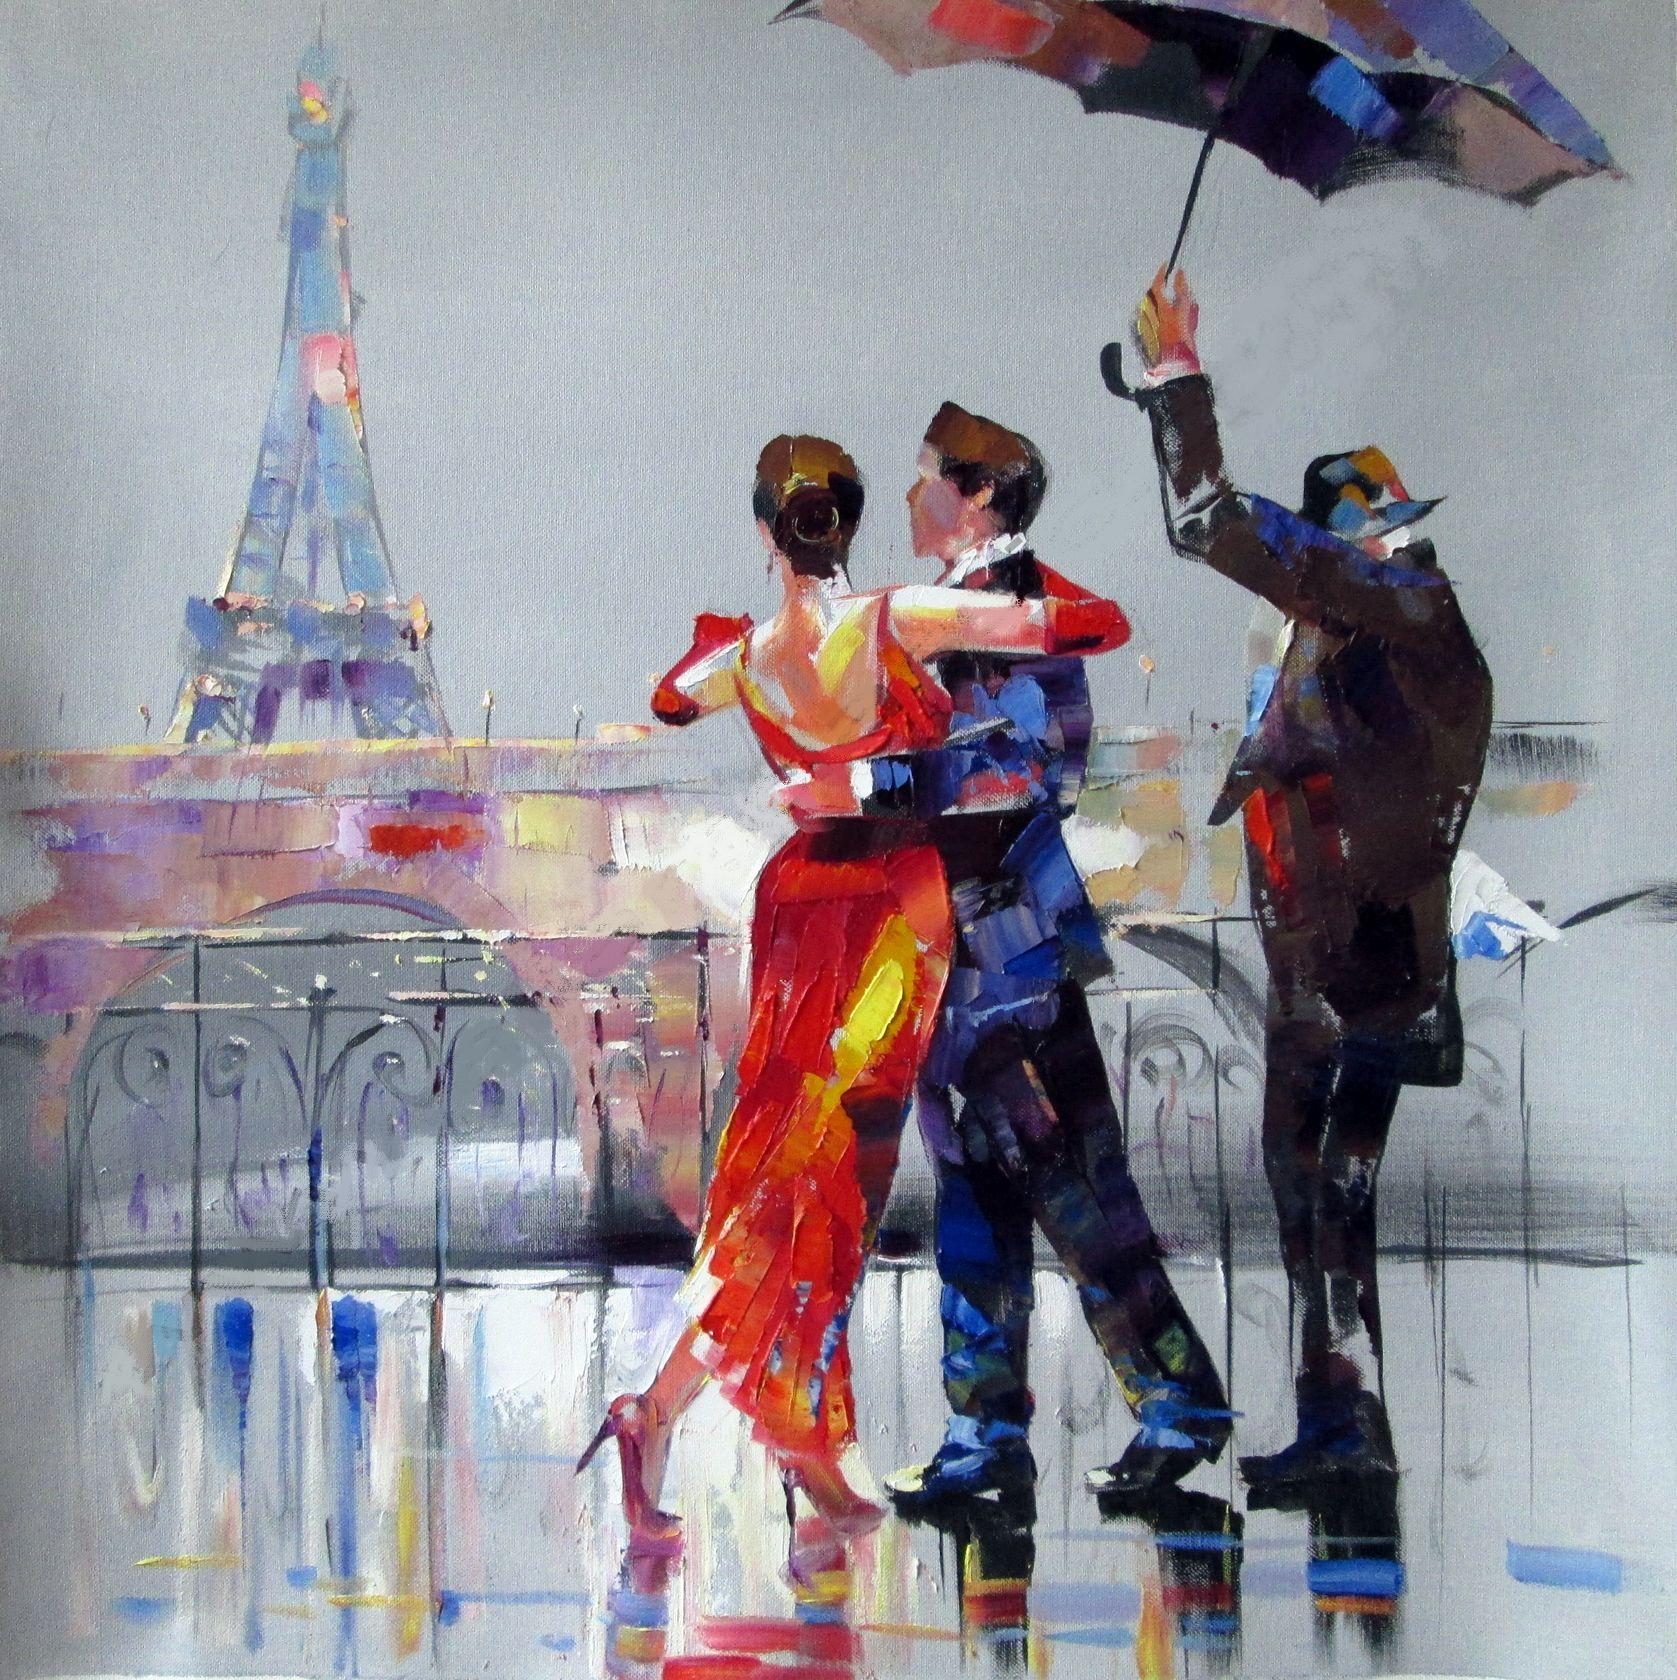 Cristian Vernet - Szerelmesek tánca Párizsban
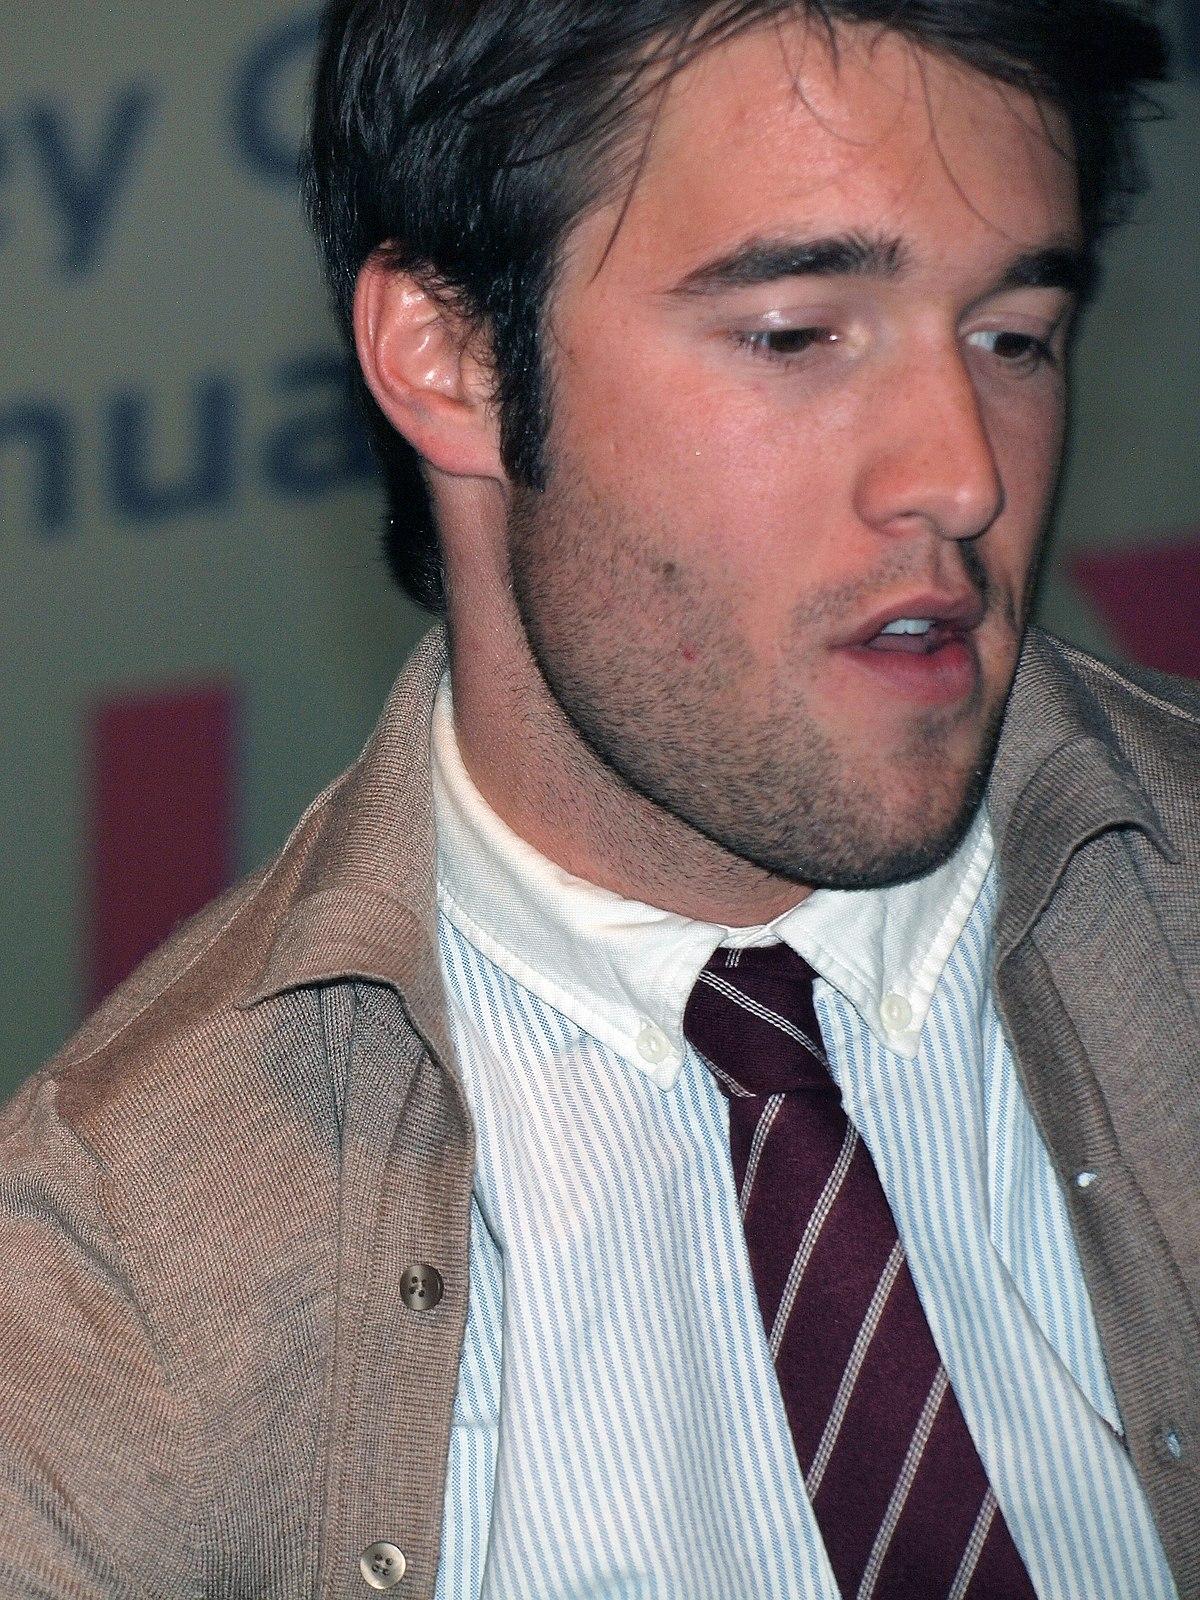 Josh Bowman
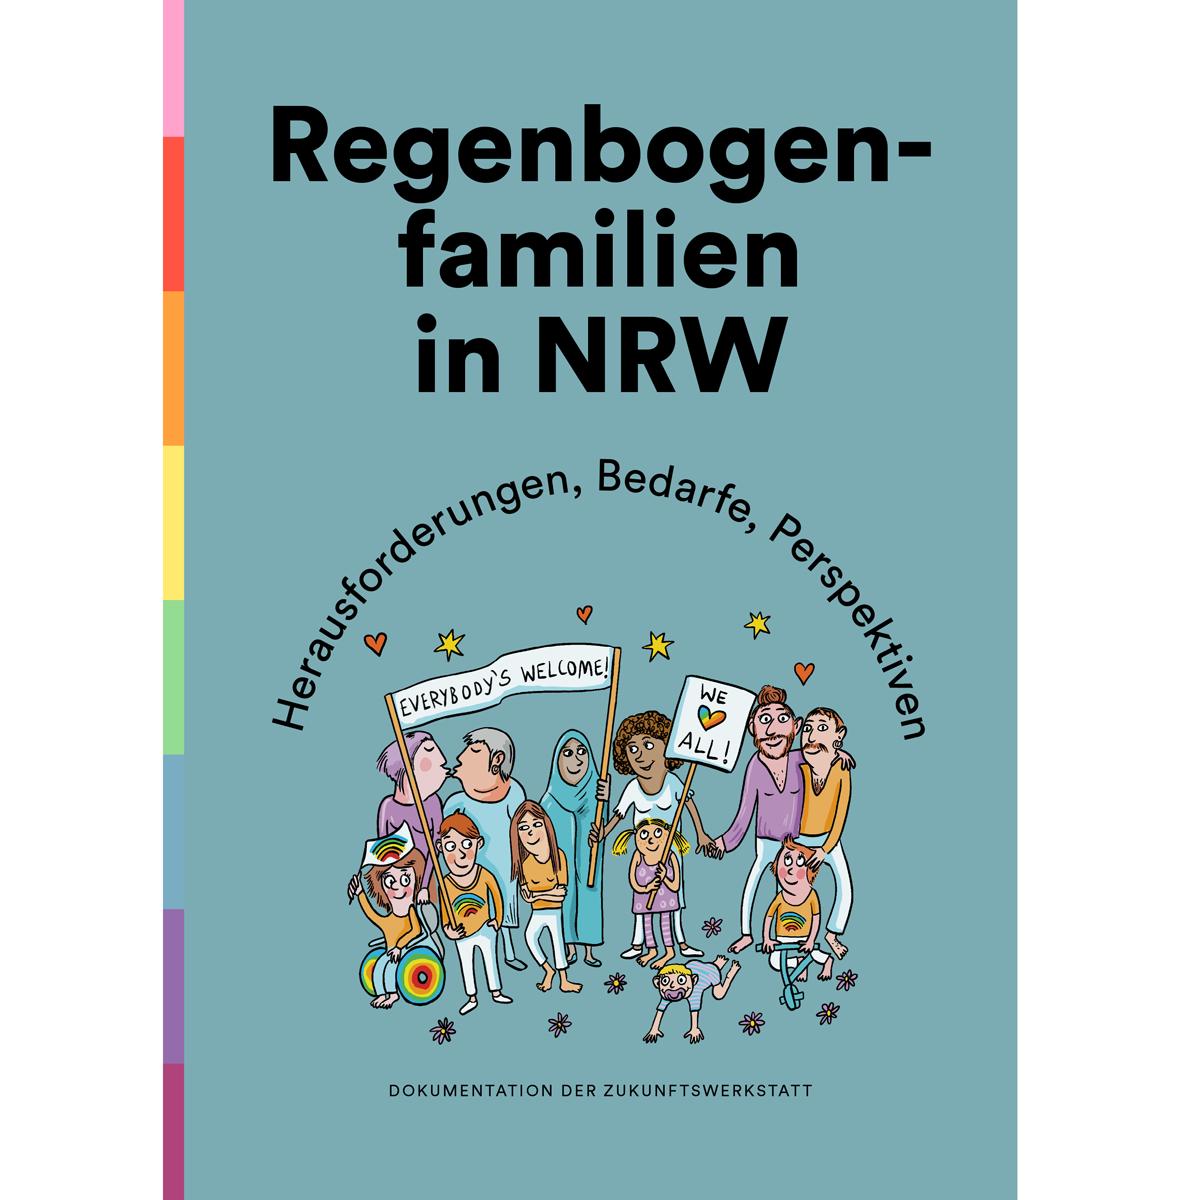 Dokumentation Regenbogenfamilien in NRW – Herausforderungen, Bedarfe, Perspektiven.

____________________

__ACTION ITEM__.
Output the full listing verbatim; pictures stay out.

__RESULT OF THIS TASK__.
 Cristian Vernet - Szerelmesek tánca Párizsban
 Josh Bowman
 Dokumentation Regenbogenfamilien in NRW – Herausforderungen, Bedarfe, Perspektiven.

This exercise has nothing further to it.